YOUR ASSIGNMENT: The line with "Black+Decker 1-Bar Under-Cabinet" marks where to begin; print it and all lines after it in the material below exactly, skipping pictures.

AVAILABLE DATA:
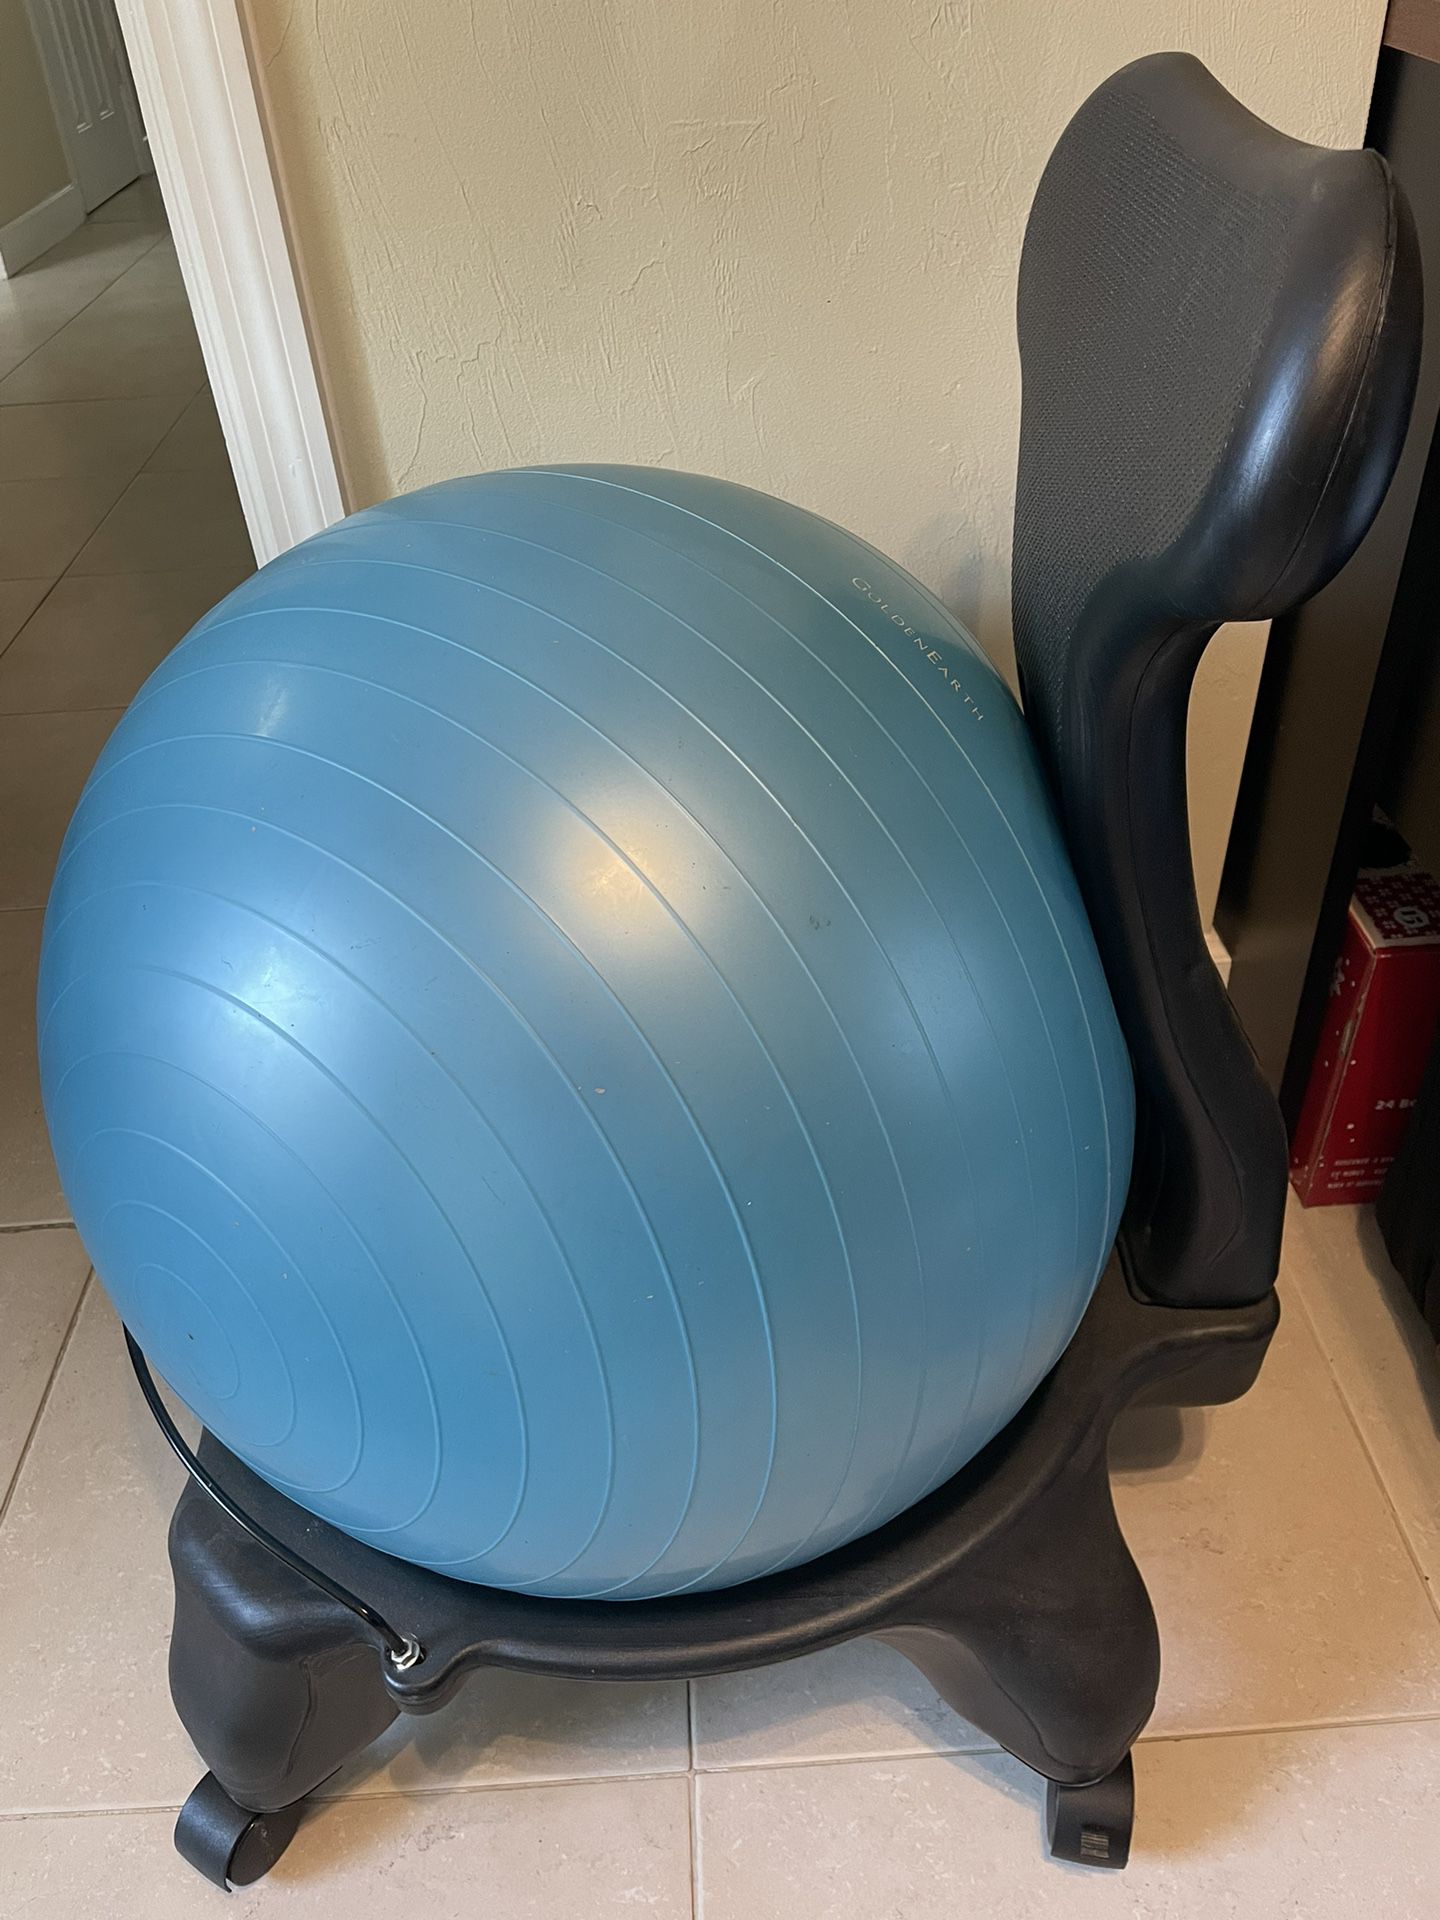 Stability Ball Chair
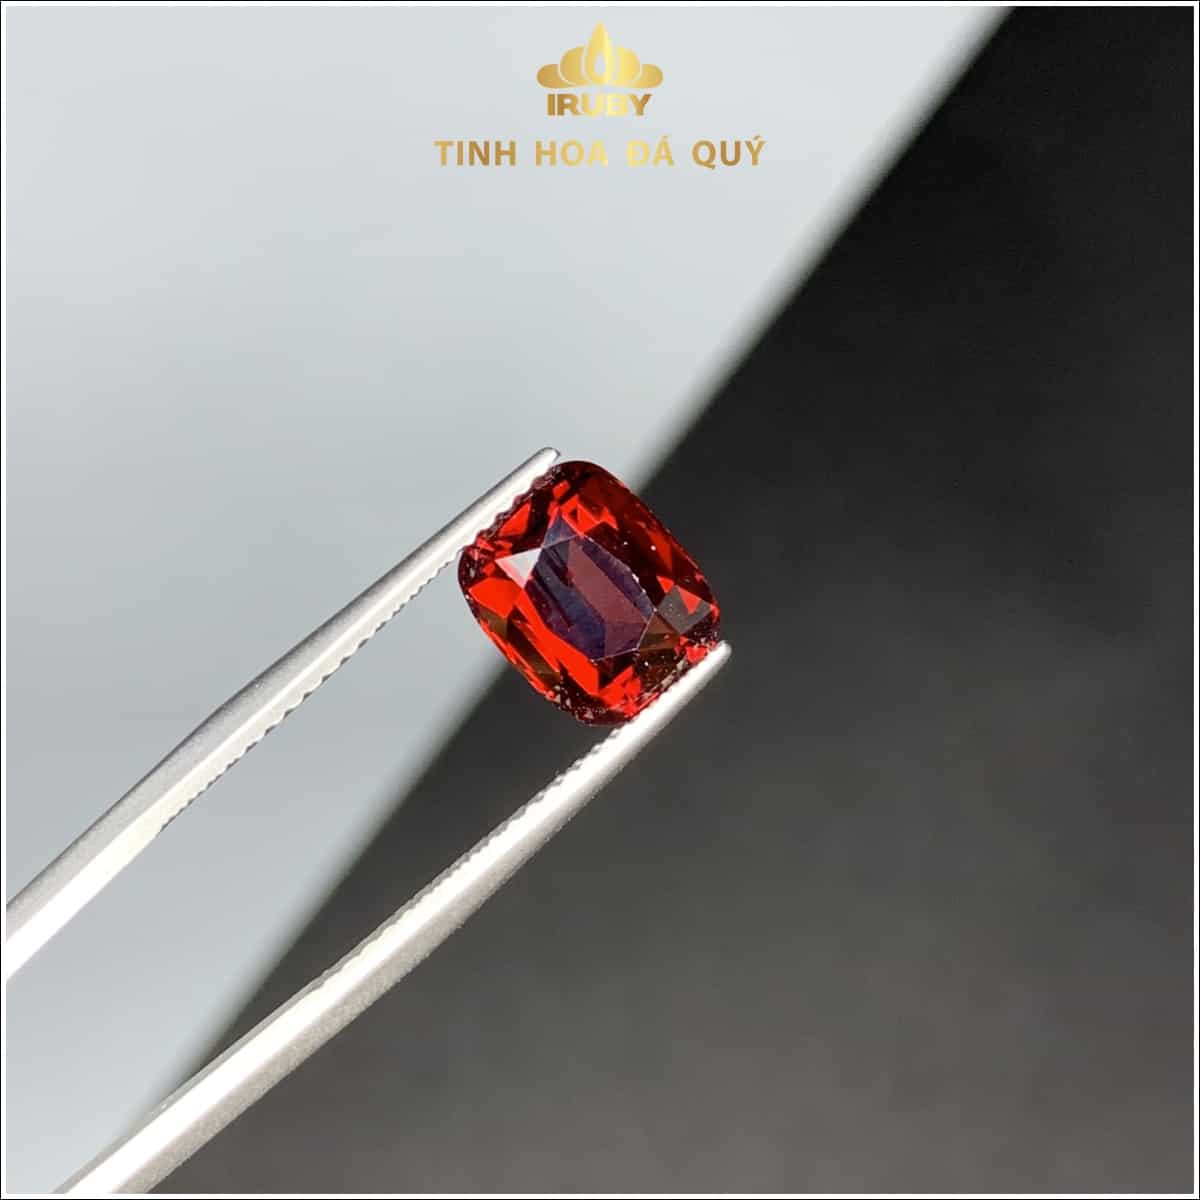 Dải màu của Garnet Pyrope bao gồm từ: đỏ máu đến đỏ đen, đỏ, đỏ cam, hồng, một số loại có màu rất sẫm
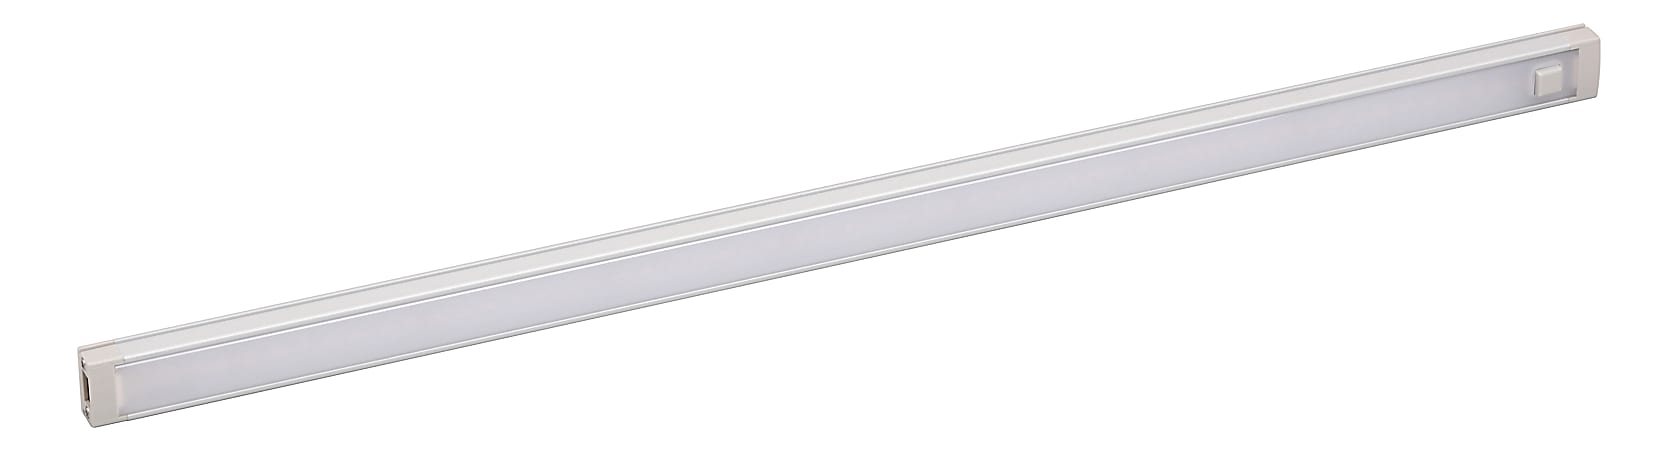 Black+Decker 1-Bar Under-Cabinet LED Lighting Kit, 18", Cool White
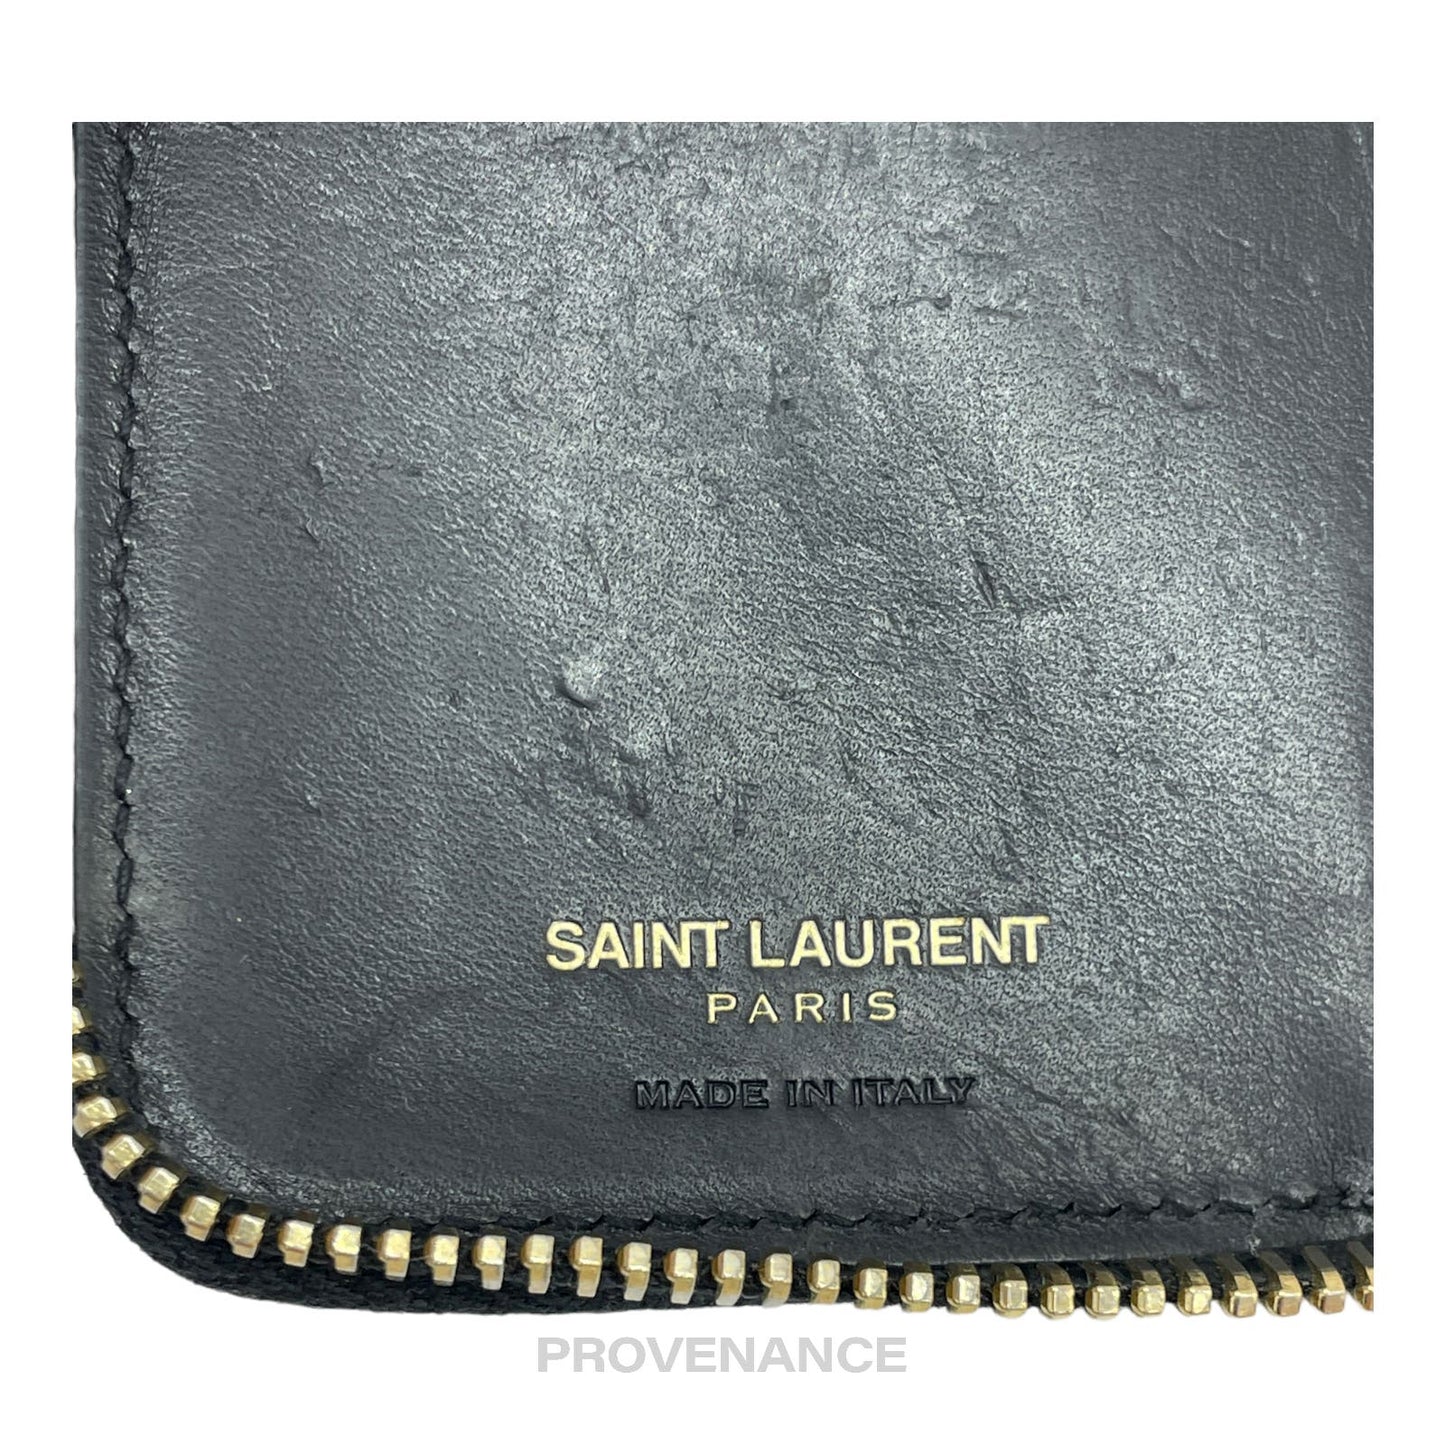 🔴 Saint Laurent Paris SLP 6 Key Card Wallet - Monogram

TASK OUTPUT:
 Black+Decker 1-Bar Under-Cabinet LED Lighting Kit, 18", Cool White
 🔴 Saint Laurent Paris SLP 6 Key Card Wallet - Monogram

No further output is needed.